◆ Exercise description ◆
Would you copy the listing below exactly, keeping the pictures out?

-- Data below follows --

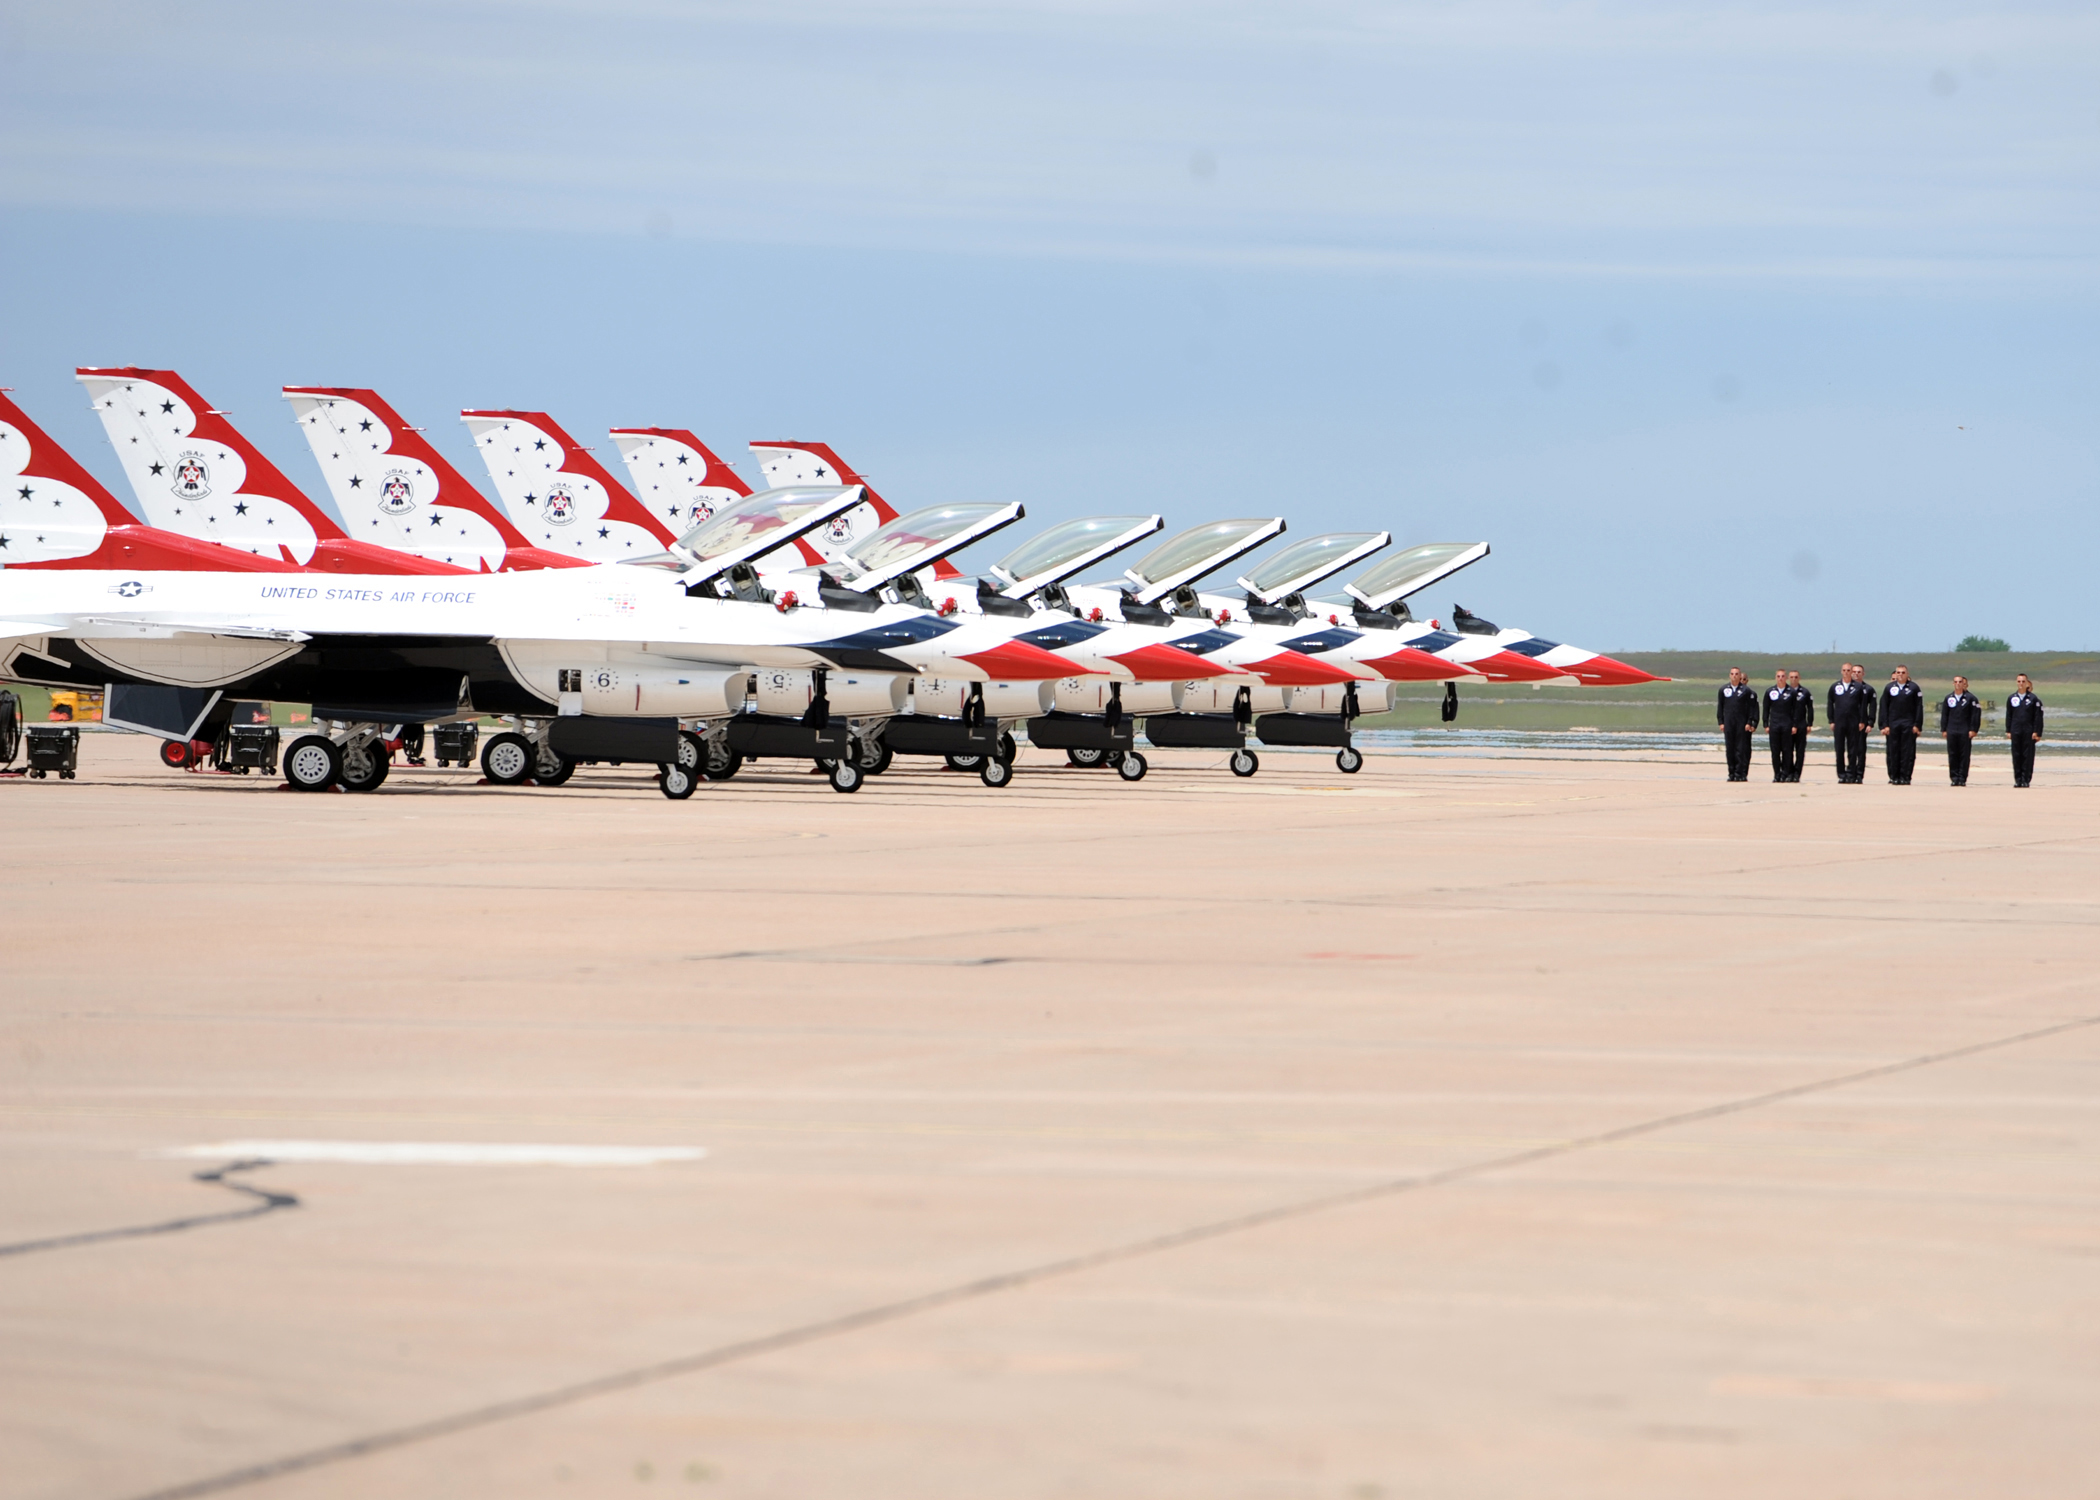 Dyess Big Country Airfest brings communities together > Dyess Air Force
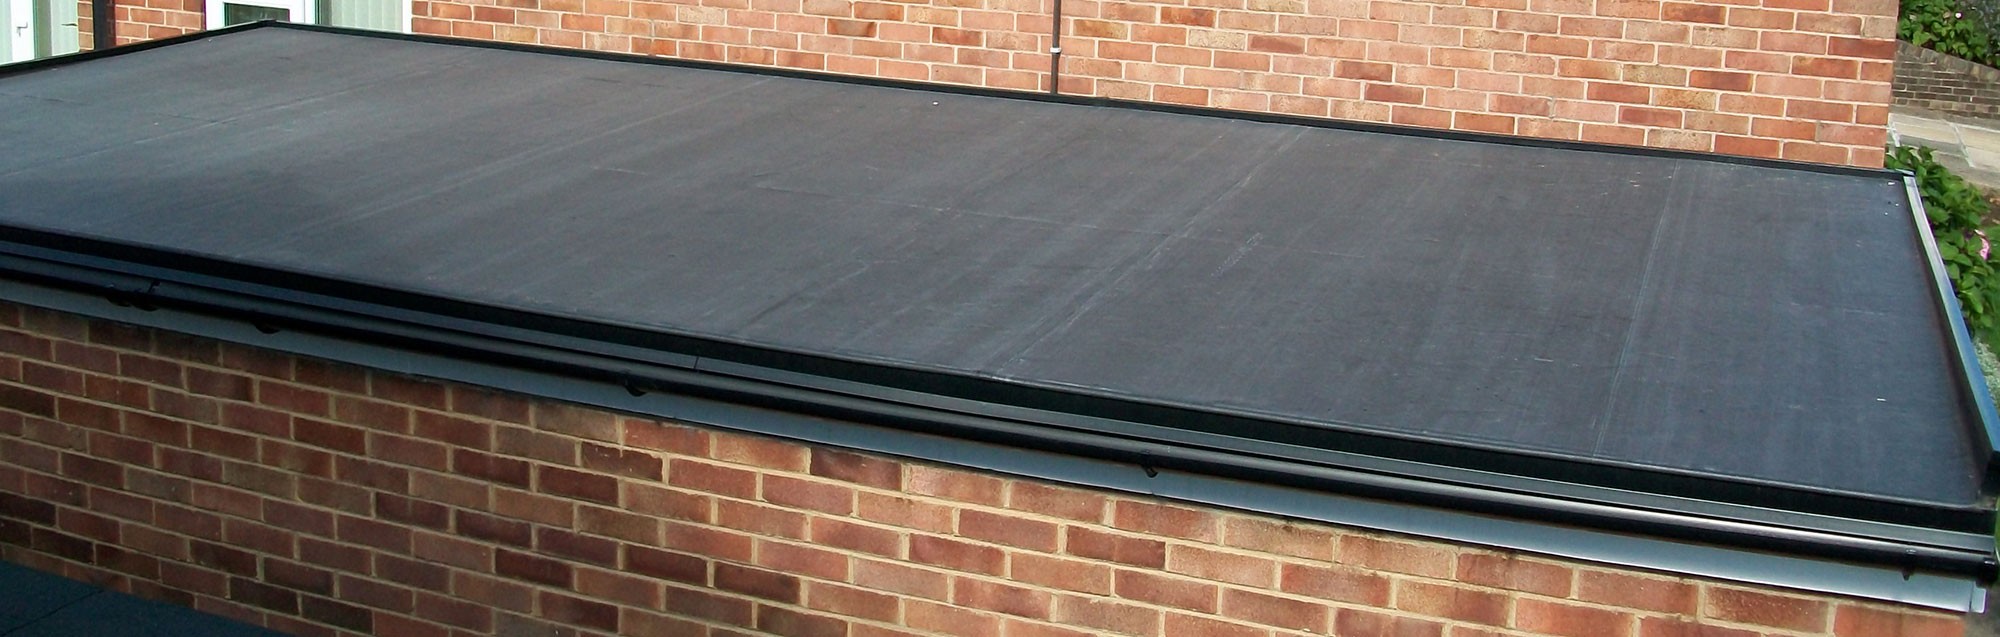 Rubber roof system
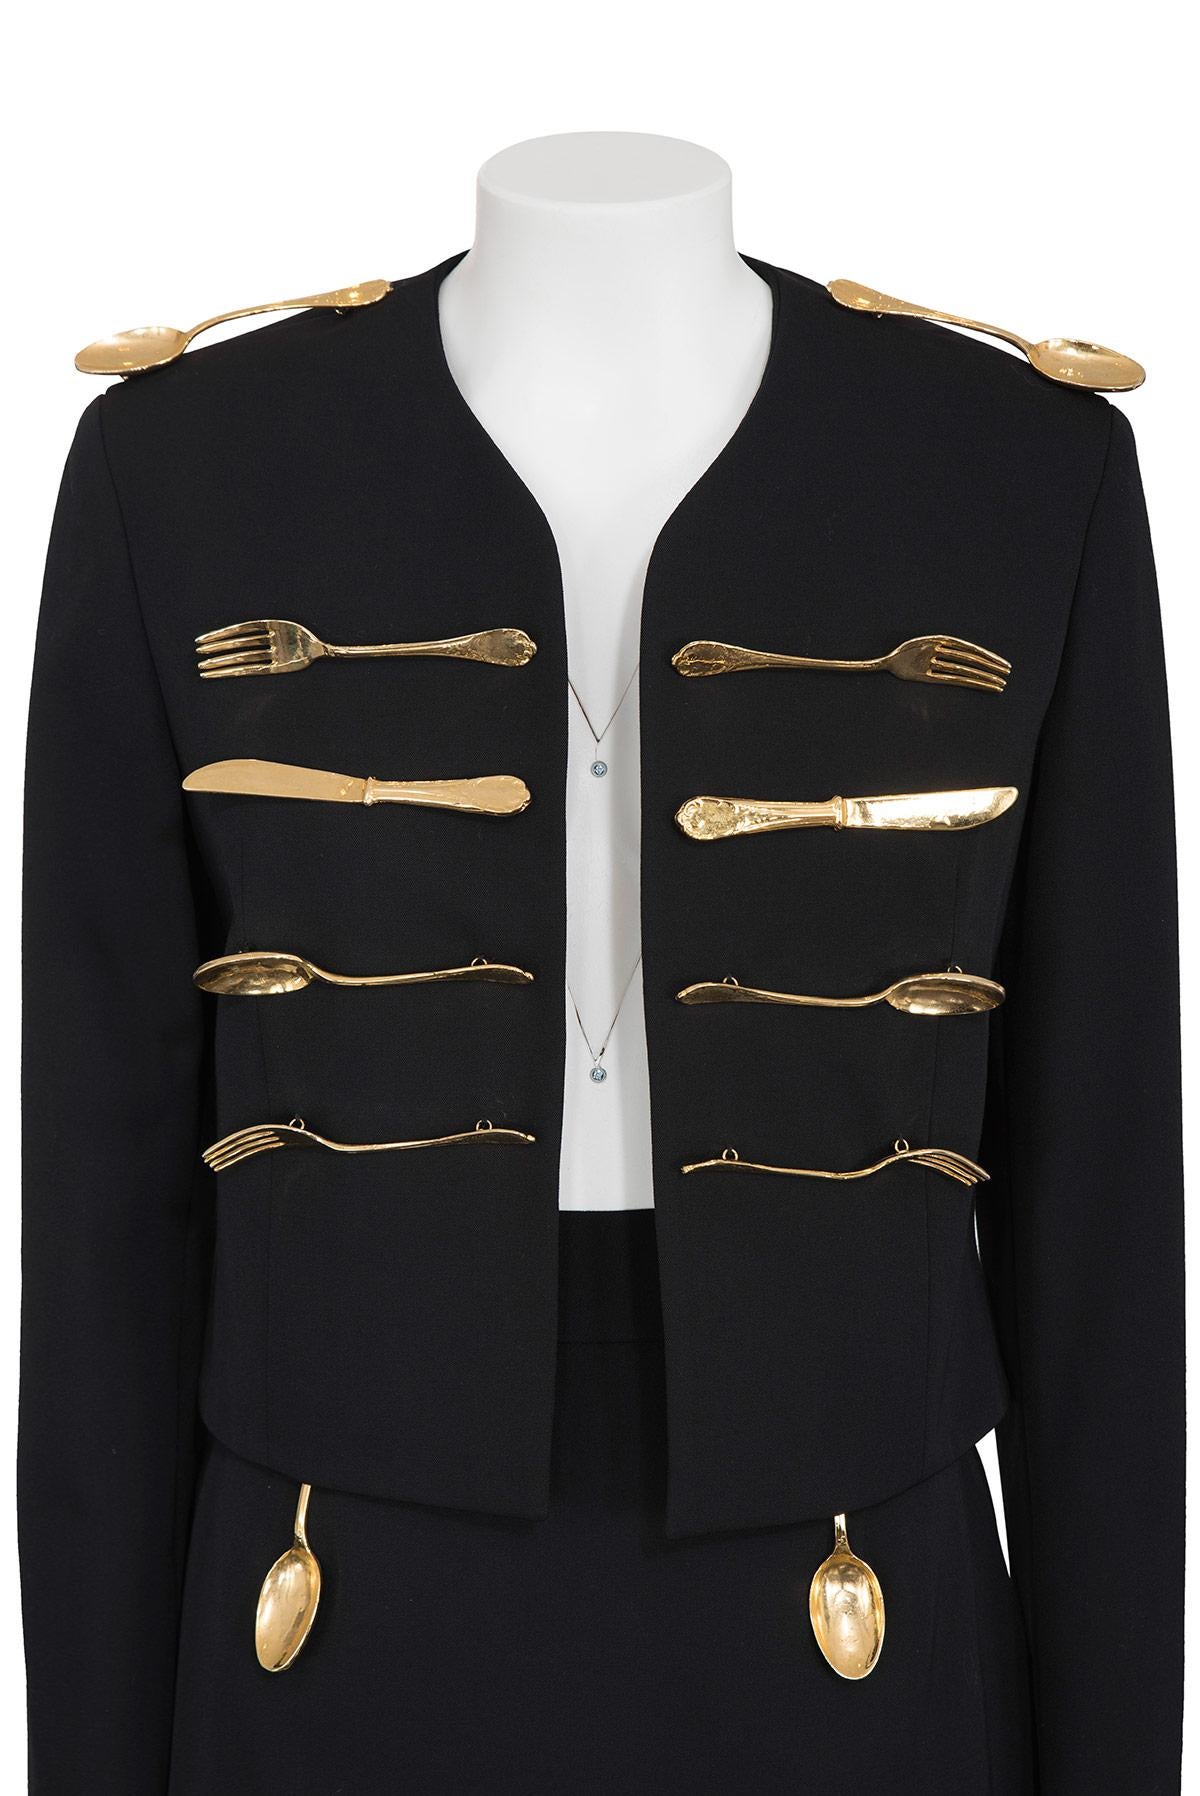 MOSCHINO SS 94 Iconic and Rare Cutlery Dinner Suit For Sale 2

-- Data below concluded --

◆ Written solution ◆
 Dyess Big Country Airfest brings communities together > Dyess Air Force
 Rubber roof system
 MOSCHINO SS 94 Iconic and Rare Cutlery Dinner Suit For Sale 2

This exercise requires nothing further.